RIGHT NEEDLE IN DIGITAL HAYSTACK OF DATA?


ABSTRACT
In the economy where the personal data and the global information became a fuel for the
online activities, the prominence of data protection and privacy is recognized with the span of
time. However, several cultural and social norms around the world are inclusive of respect for
privacy but at the same time the current system of data protection is highly disintegrated and
fragmented. The information which is shared and transmitted are subject to many potential
drawbacks apart from the opportunities it promises. Therefore, there is need for international
compatibility as some areas still have no laws, some have outdated laws, some have partial
laws, and some laws need amendments. Such compatible data regimes are desirable to avoid
fragmentation and duplication in the international and regional approaches to the data
protection. This study reviews the data protection regulations and its consonance with the
evolving needs and emerging possibilities to facilitate the potential benefits. The findings of
the study are an attempt to inform the much-needed people on how to ensure international
compatibility and also throws light on the concerns regarding data protection and privacy
rights. Numerous challenges have been encountered concerning the implementation of the
existing data protection laws. However, this study concentrates on gaps that persists,
jurisdictional concerns, regional and national initiatives, international developments,
surveillance of data protection laws, and some recommendations and suggestions. The
countries which still do not have appropriate laws in place shall have regulatory principles
and shall follow the policies that is being developed, reviewed by nations.
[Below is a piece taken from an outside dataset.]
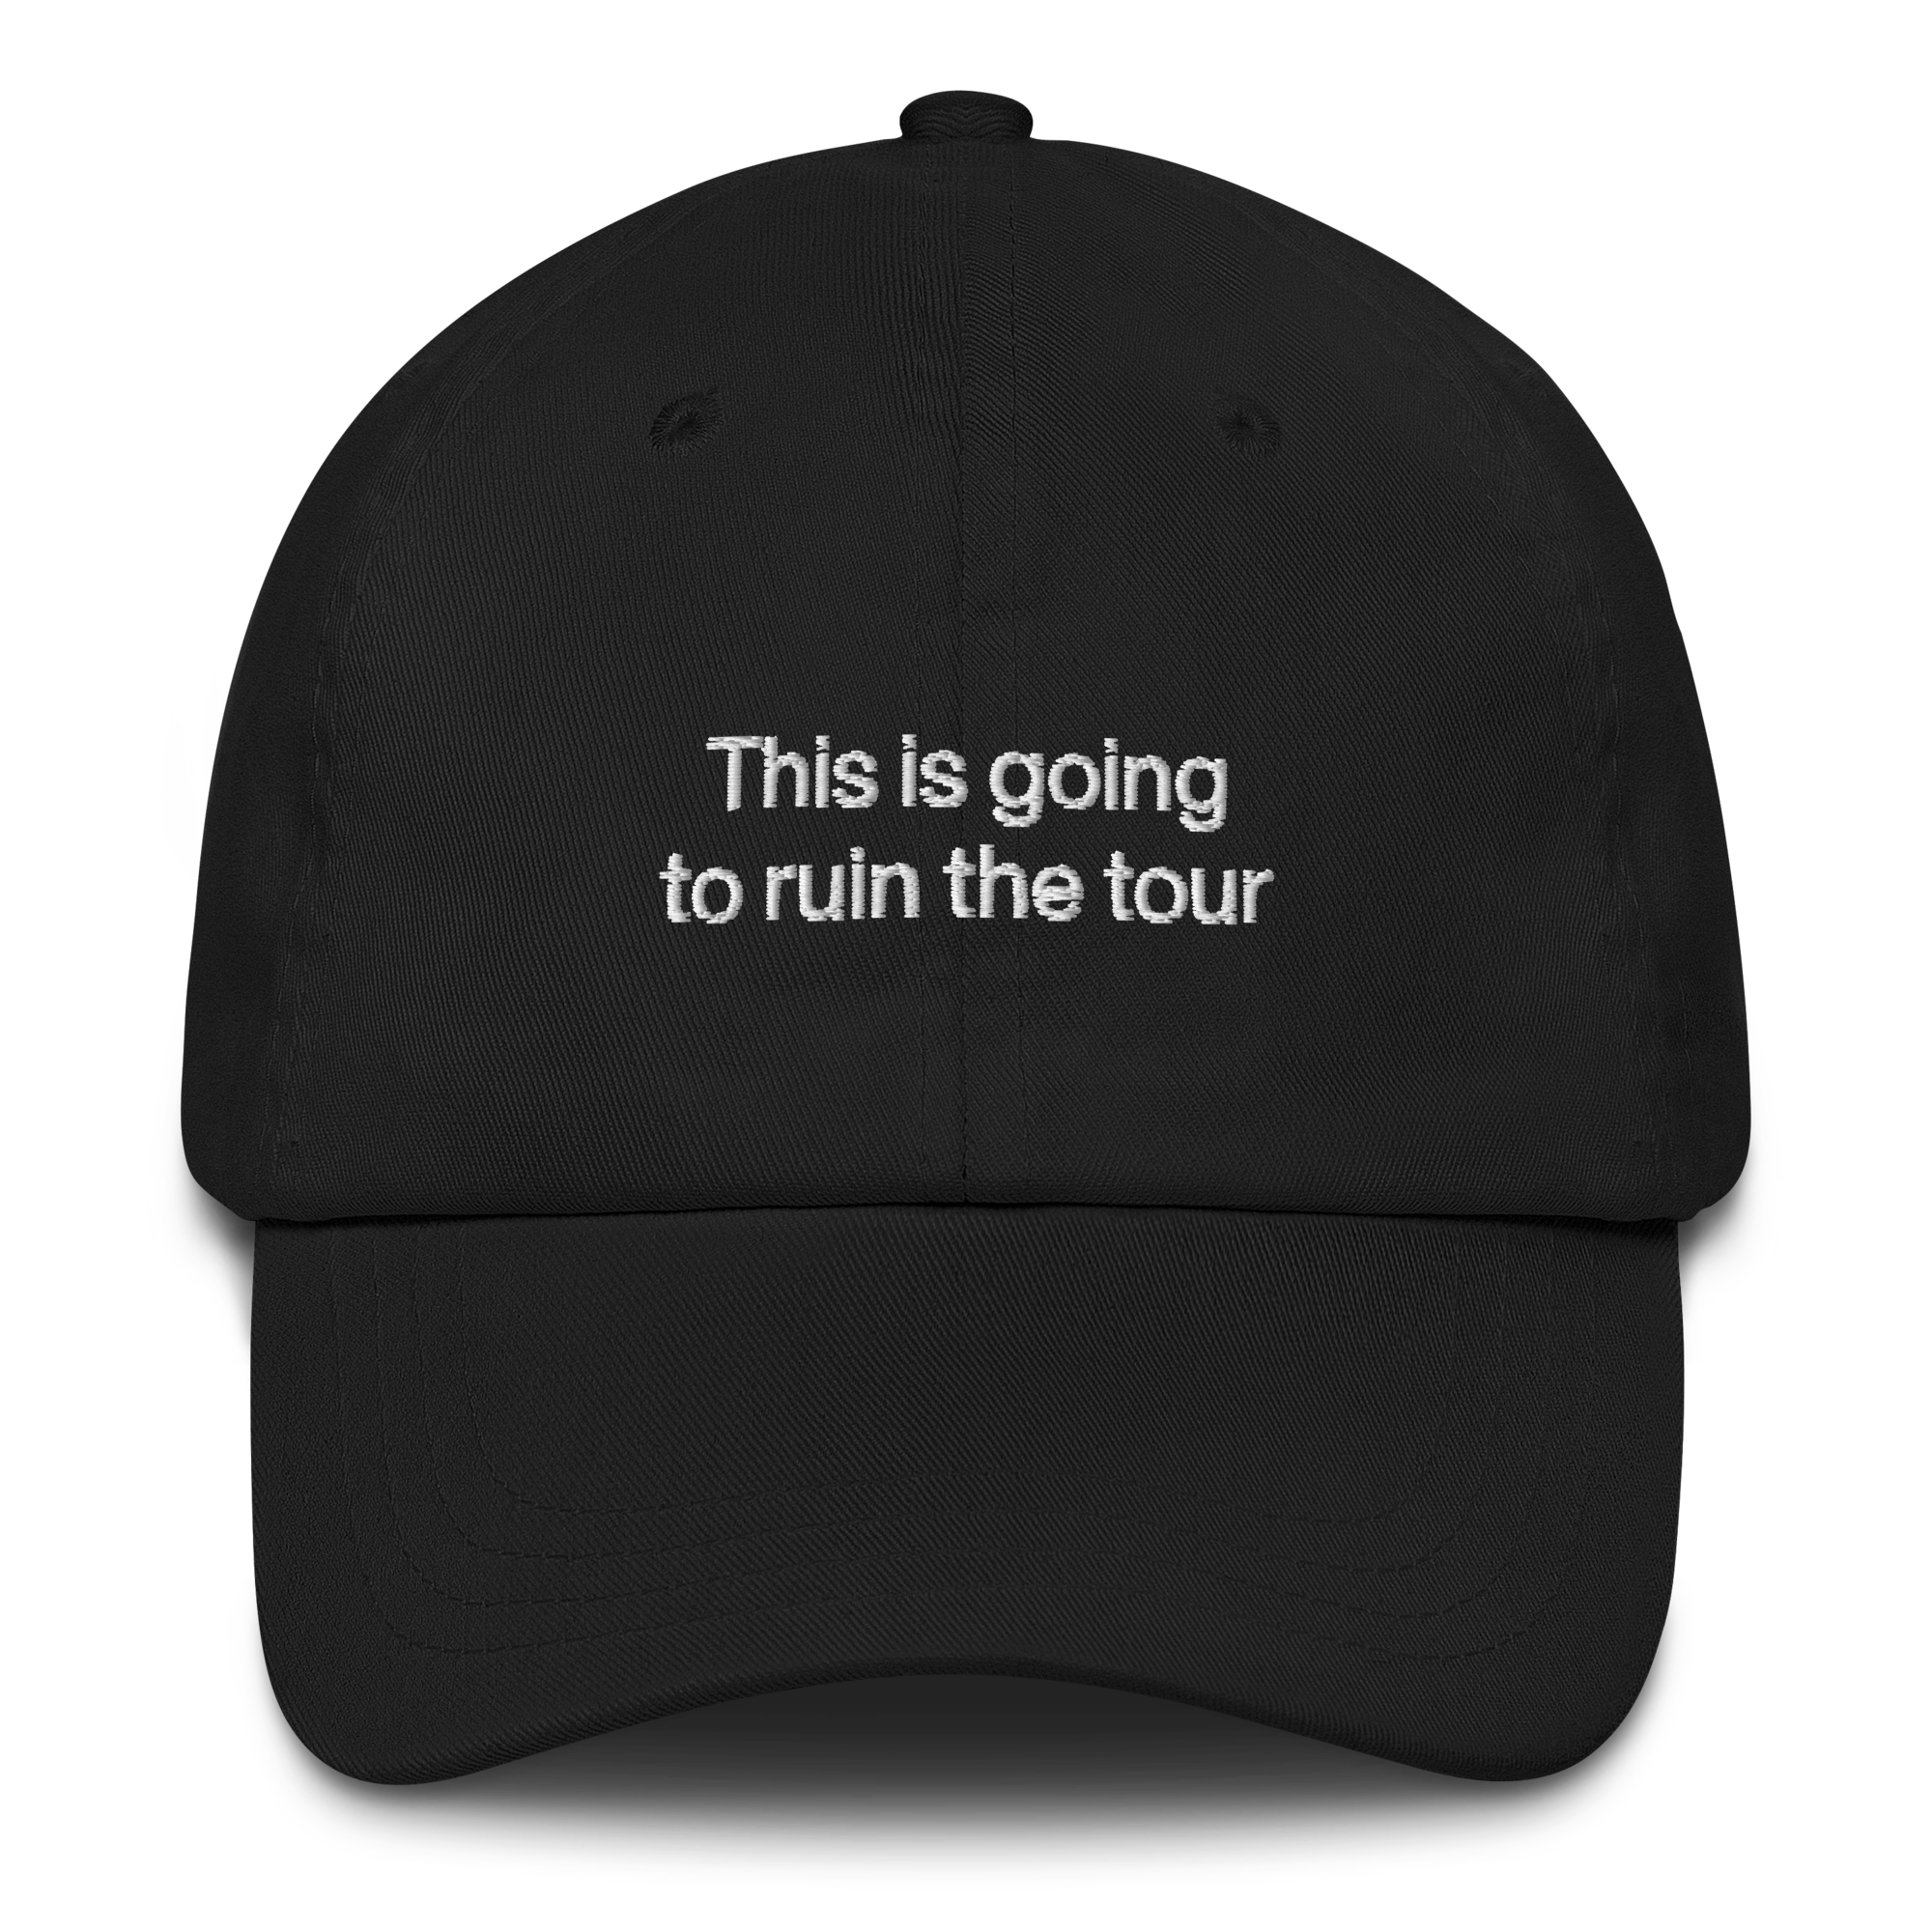 classic-dad-hat-black-front-667597a09b762.png

Keywords- data protection, privacy rights, UNCTAD, user data, international laws,
cybercrimes, cyberworld, cyberspace

INTRODUCTION

Presently, protection of data and privacy rights is the challenge for the policymakers
concerning the control over the generation of information through online activities. The
policymakers are concerned with making the legislation which protects its citizens from any
sort of harm and interference and also from purposeful and painstaking acts of misuse.
Therefore, the putting in place the data protection measures should be a key element of any
policy because in many international agreements, data protection is considered as a
fundamental right.
It is evident from the following that data protection is high on the political and ministerial
agenda-

 In 2015, United Nations designated a Special Rapporteur concerning right to privacy


 Various international agreements of trade are including data protection
 In issues of national surveillance, data protection is being considered on high profile
cases in courts
 United States and the EU [European Union] re-negotiated on cross-border agreement
of data protection which is called EUUS Privacy Shield.
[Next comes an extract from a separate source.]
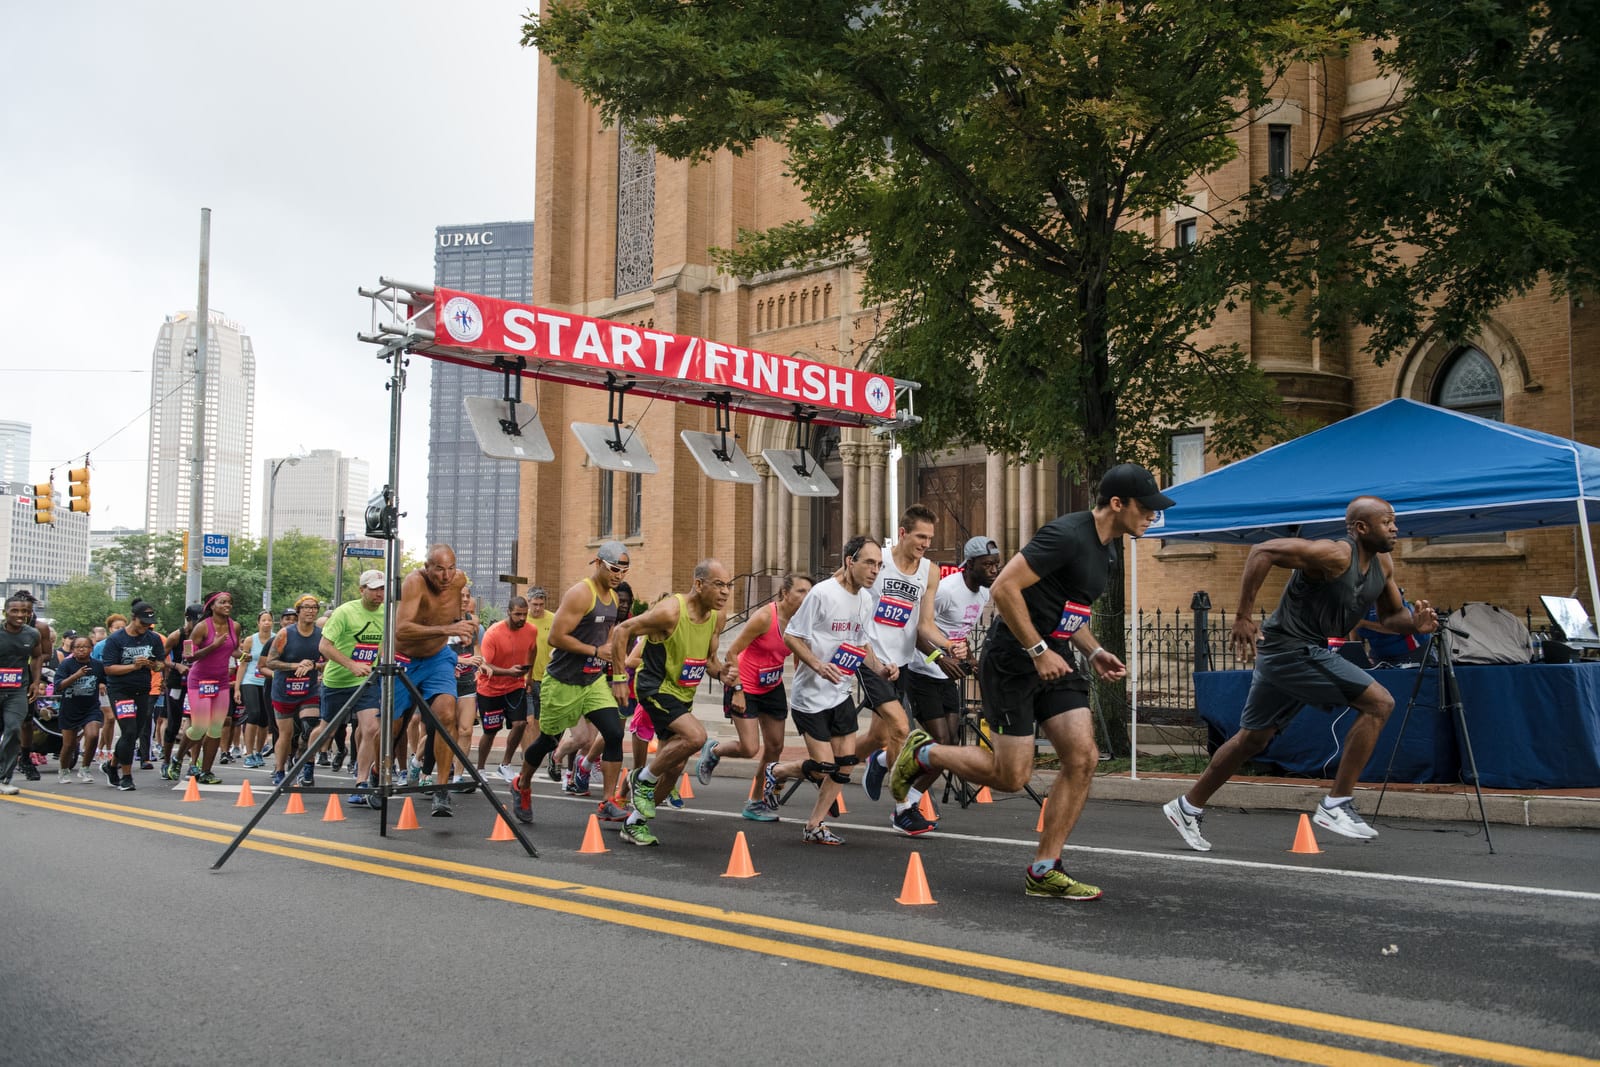 A group of runners take off through a starting gate on a street in the hill district of Pittsburgh. Pittsburgh editorial event photographer.

DATA PROTECTION LAWS- GAPS THAT PERSISTS

Despite several initiatives at regional and national level, enormous gaps persist and exists
concerning the coverage of data protection laws. For instance, 30 percent of countries have
no legislations for data protection which resulted in reduced trust and confidence in many
commercial activities which further poses a threat to international trade opportunities as
meeting cross-border legal requirements in absence of data protection laws may be
problematic. Additionally, more than 60 percent of the representatives of their respective
nations faced difficulties concerning legal issues related to data protection and privacy.

ASEAN Countries faced several challenges while enacting data protection laws such as –

 Funding issues
 Lack of skills for policymakers and parliament members
 Lack of adequate ICT infrastructure

Also, issues such as inconsistent court interpretations and cross-border rules acts as a barrier
in enforcing the laws of data protection. Besides these gaps, there are many countries which
do have relevant laws but with certain gaps and exemptions. For instance, Australia &
Canada where such laws exclude small scale businesses. Other exemptions are related to data
collection sources, or sectoral data which is specifically restricted to health/credit, etc.
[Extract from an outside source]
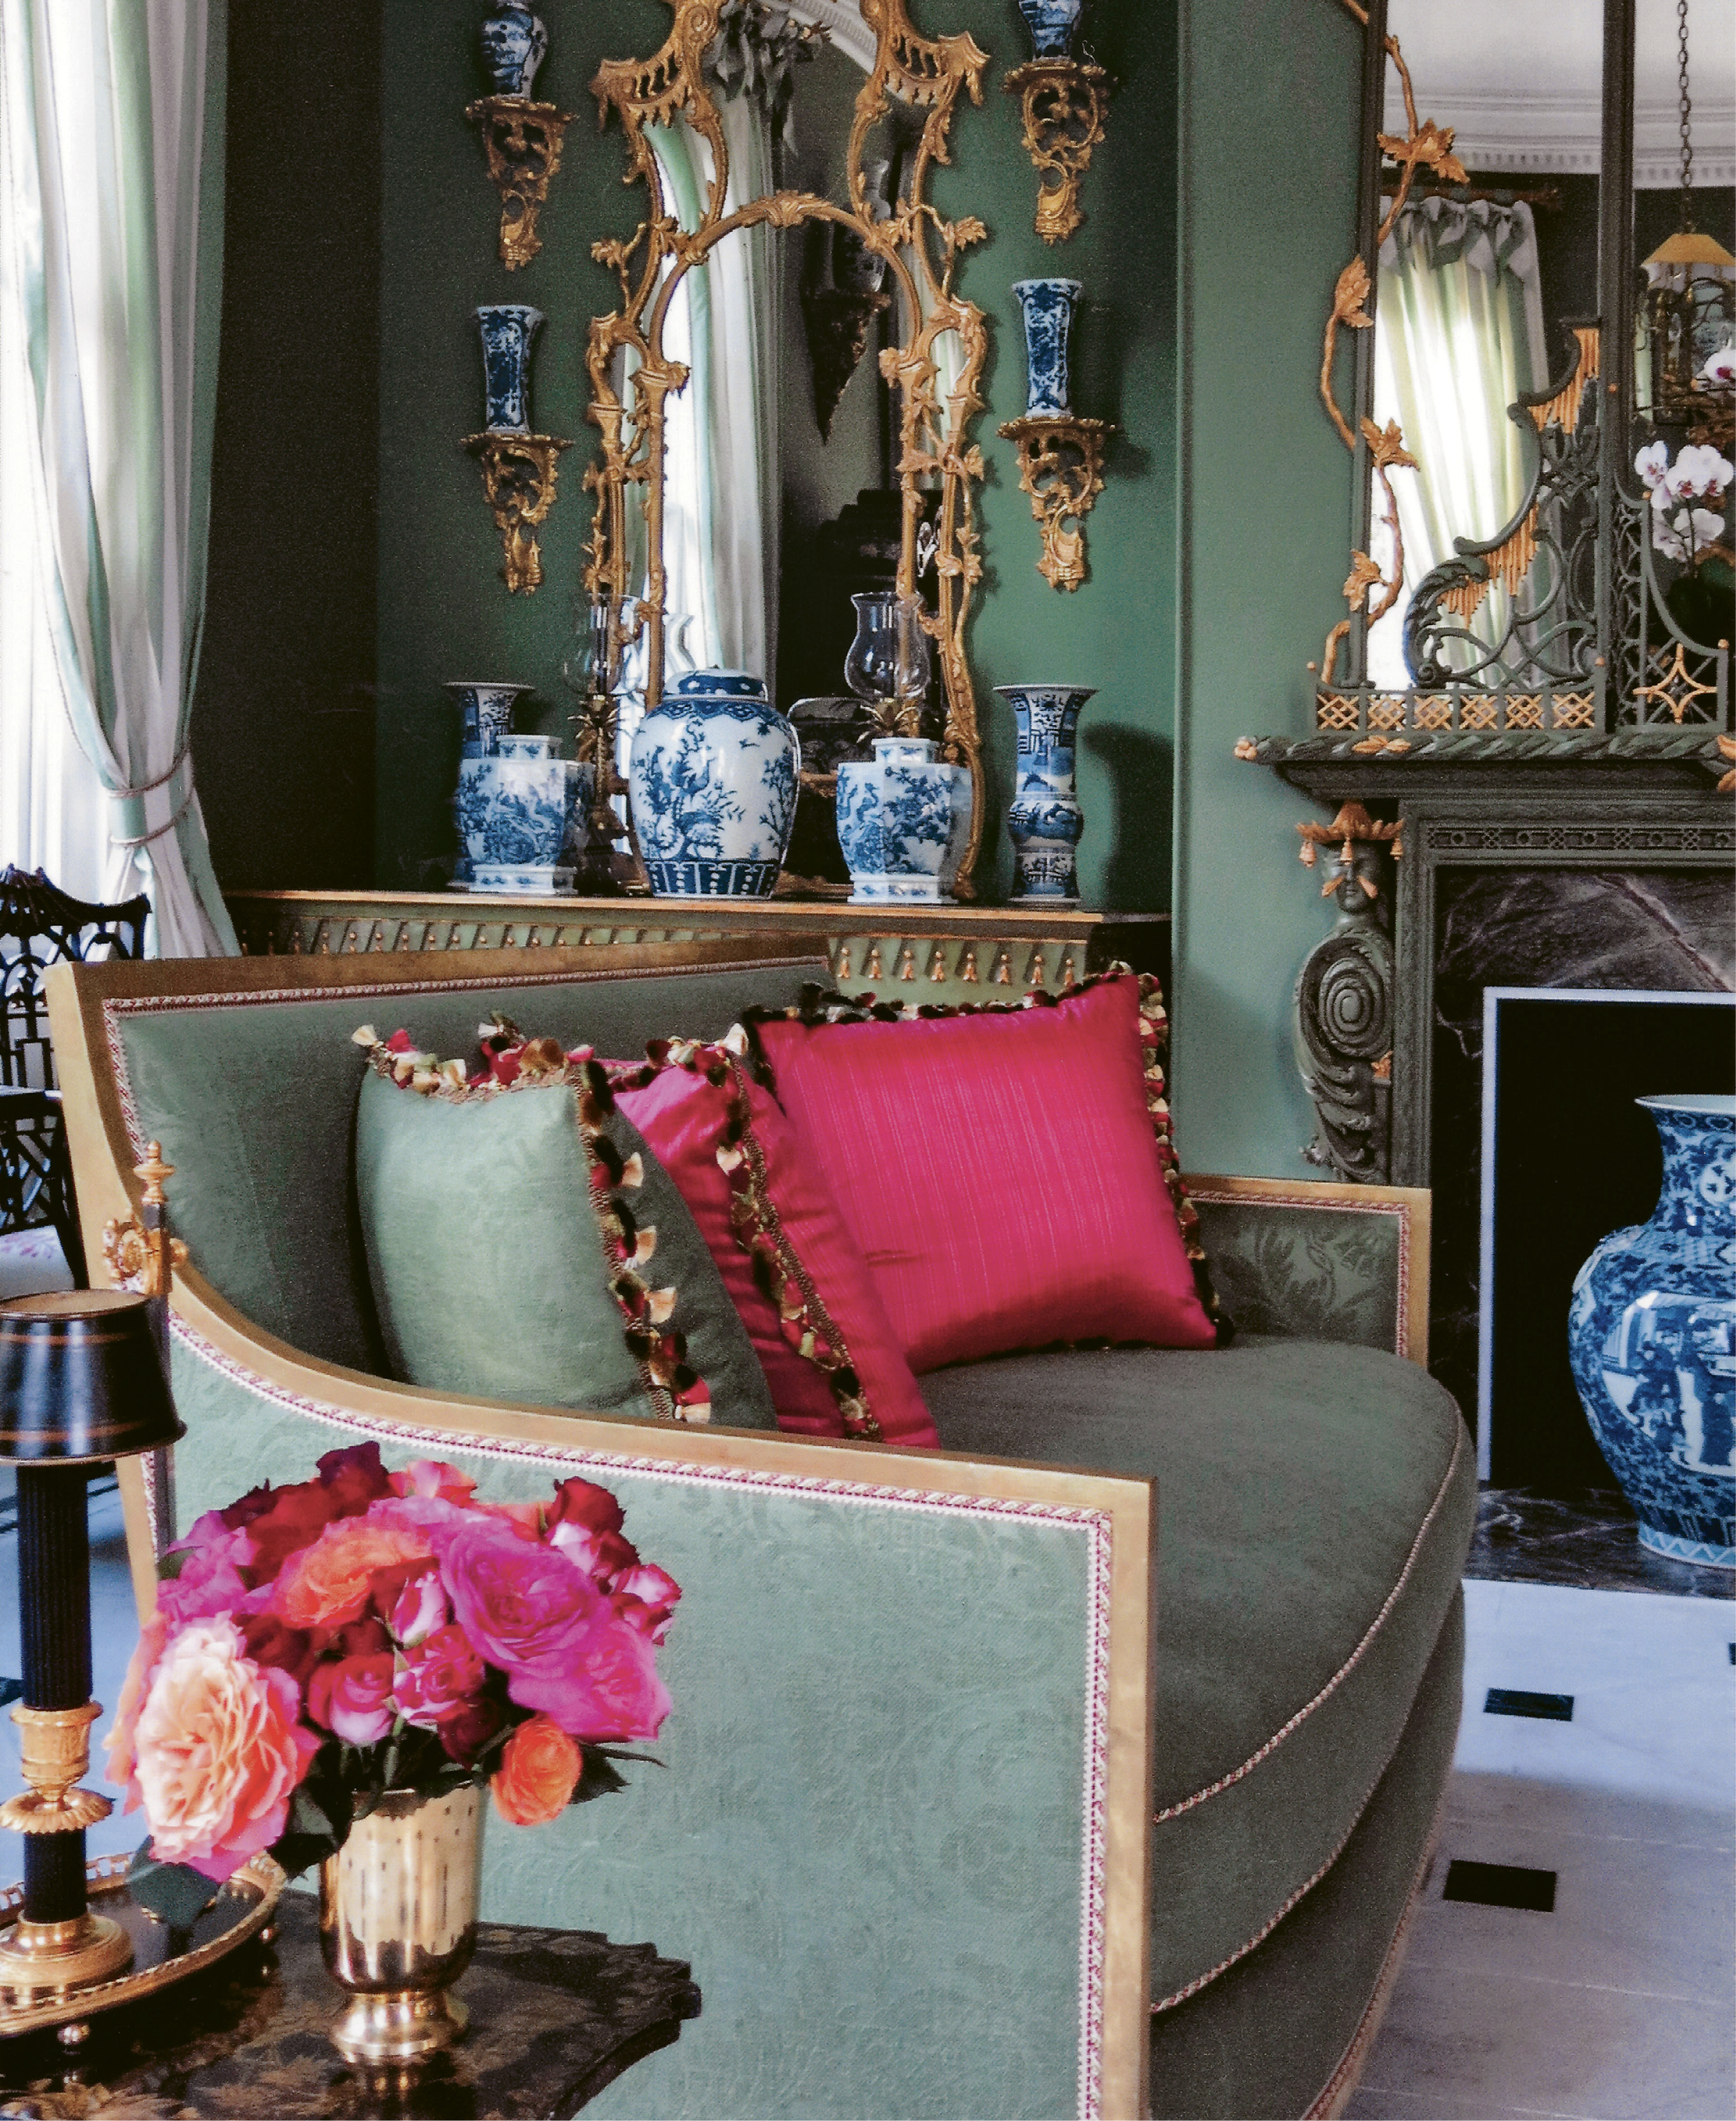 Living In Color: Her living room is an ornate ode to texture, color, and craftsmanship and a showcase for her love of chinoiserie, including lacquerwork, carved and gilded wood, and blue-and-white porcelain.

Therefore, legislating, enforcing, and implementing the data protection laws is subject to
time-consuming and thus, is a challenging procedure. UNCTAD conducted survey in around
48 countries to create awareness and knowledge among policymakers and the judiciary so
that informed policies and legislations can be enforced in an effective manner.
SURVEILLANCE & DATA PROTECTION

It is difficult to imagine but the association of surveillance with data protection was
considered as a “fringe” issue in the history. Although many initiatives at the global and
regional level have been taken but they have been slow to address the issue of surveillance.
Besides, the inapplicability of the European Data Protection Directive to the national security
rendered cursory impact. However, the national security as well as surveillance were
subjected to desultory and brief mentions in the APEC Privacy Framework and the guidelines
on Privacy of OECD.

However, with the span of time

The Council of Europe Convention 108 is the only data protection initiative to provide any specifi c
coverage of national security and surveillance issues, and even this coverage is restricted to a minor
exemption (Article 9) that allows countries to derogate from just three of the Convention’s
provisions (data quality, sensitive data and access rights) in order to protect state security. The
derogation is only allowed “to the extent necessary in a democratic society”. However, the global
context for data protection has been changing rapidly; surveillance and national security issues have
now come to the fore. The interest in surveillance began with the growth in cloud computing, which
often required personal data to be moved to another country for processing, storage and/or back-
up. For example, if the target country was the United States, questions arose about the potential
impact of United States national security legislation (chiefl y the PATRIOT Act). Similar issues were
raised about other jurisdictions. These concerns were fairly muted and had little impact on the rapid
growth of cloud computing until June 2013, when Edward Snowden, a former U.S. intelligence offi
cer, revealed extensive details about the surveillance activities carried out by the intelligence
services in the United States and some of their allies. The new material revealed (or in some cases
confi rmed) the extent of surveillance of U.S. and nonU.S. citizens. The exact nature and extent of
private sector involvement is still subject to debate. The material also revealed that some
surveillance activities went beyond the likely expectations of consumers regarding ‘national security’
issues. For example, the material highlighted instances where delegates at a climate change
conference were subject to surveillance. Since June 2013, there has been signifi cant law and policy
reform in the U.S. This has included improved governance, restrictions on mass surveillance of U.S.
citizens, the extension of some legal rights to foreign citizens, and new restrictions on the operations
of U.S. intelligence agencies. The Snowden revelations also exposed surveillance practices in other
countries, notably Germany and the UK, which had previously been unknown to the general public.
Unsurprisingly, numerous legal cases were initiated by consumers and civil liberties organizations to
challenge the extent of the surveillance. The cases rely on a mix of constitutional law, treaty law and
national laws. There have been several cases in the United States and the UK, but the most signifi
cant case is Schrems v Facebook (box 1).

The task of balancing surveillance and data protection requirements remains challenging. The
Schrems v Facebook decision is a direction to place conditions and restrictions on surveillance in any
data protection regime in Europe, and this may have knock-on effects on all those jurisdictions that
follow European law closely. The United States has initiated multiple reforms that strengthens
governance and oversight of the intelligence agencies, and provides consumers with potential
avenues for redress.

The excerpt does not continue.